Comparison of the Characteristics of Magnetars Born in Death of Massive Stars and Merger of Compact Objects With {\em Swift} Gamma-Ray Burst Data

TL;DR

This study compares magnetars born from massive star collapse and compact object mergers using Swift GRB data, revealing differences in magnetic fields, initial spin periods, and spin-down mechanisms, and linking these properties to GRB energies.

Contribution

It provides a comparative analysis of magnetar characteristics in different GRB types, highlighting how formation scenarios influence magnetic fields, initial periods, and spin-down processes.

Findings

Magnetars in short GRBs have a typical braking index of ~3, while those in long GRBs have ~4.

Magnetars from mergers have stronger magnetic fields (~10^{16} G) and longer initial periods (~20 ms) than those from massive star collapse.
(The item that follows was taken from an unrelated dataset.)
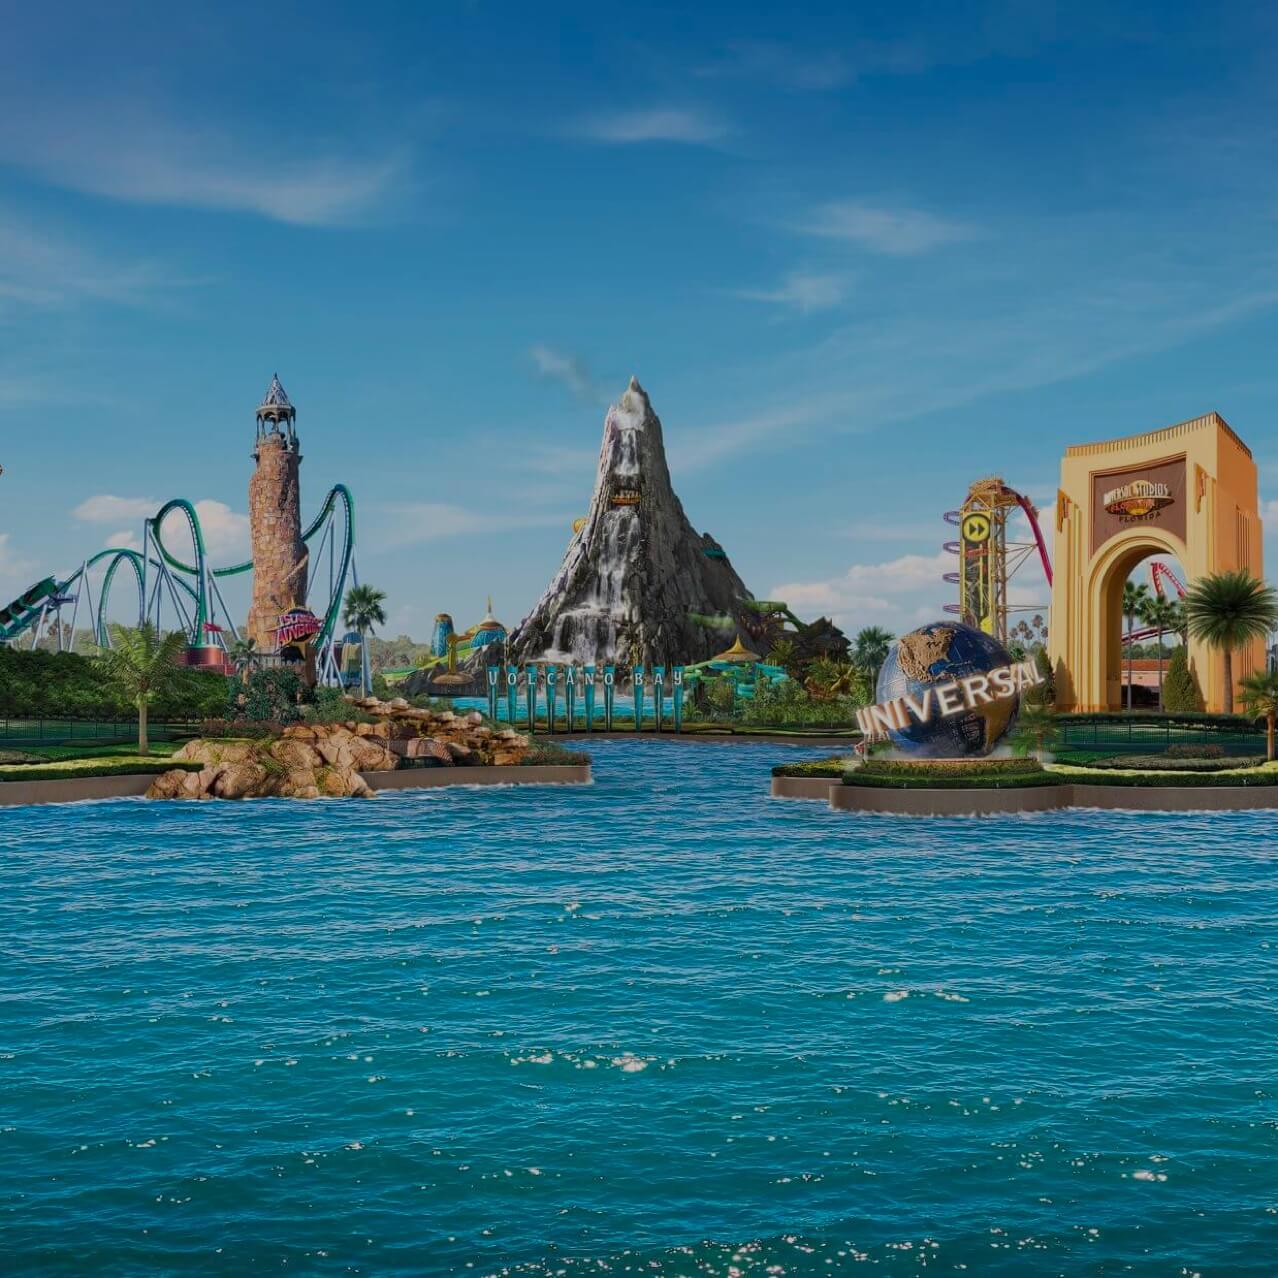 Universal Studio's Islands of Adventure

Magnetars born in mergers tend to have stronger magnetic fields and longer initial periods, with spin-down dominated by magnetic dipole radiation.

Abstract

Assuming that the shallow-decaying phase in the early X-ray lightcurves of gamma-ray bursts (GRBs) is attributed to the dipole radiations (DRs) of a newborn magnetar, we present a comparative analysis for the magnetars born in death of massive stars and merger of compact binaries with long and short GRB (lGRB and sGRB) data observed with the {\em Swift} mission. We show that the typical braking index ($n$) of the magnetars is $\sim 3$ in the sGRB sample, and it is $\sim 4$ for the magnetars in the lGRB sample. Selecting a sub-sample of the magnetars whose spin-down is dominated by DRs ($n\lesssim 3$) and adopting a universal radiation efficiency of $0.3$, we find that the typical magnetic field strength ($B_p$) is $10^{16}$ G {\em vs.} $10^{15}$ G and the typical initial period ($P_0$) is $\sim 20$ ms {\em vs.} $2$ ms for the magnetars in the sGRBs {\em vs.} lGRBs. They follow the same relation between $P_0$ and the isotropic GRB energy as $ P_0\propto E_{\rm jet}^{-0.4}$. We also extend our comparison analysis to superluminous supernovae (SLSNe) and stable pulsars. Our results show that a magnetar born in merger of compact stars tends to have a stronger $B_p$ and a longer $P_0$ by about one order of magnitude than that born in collapse of massive stars. Its spin-down is dominated by the magnetic DRs as old pulsars, being due to its strong magnetic field strength, whereas the early spin-down of magnetars born in massive star collapse is governed by both the DRs and gravitational wave (GW) emission. A magnetar with a faster rotation speed should power a more energetic jet, being independent of its formation approach.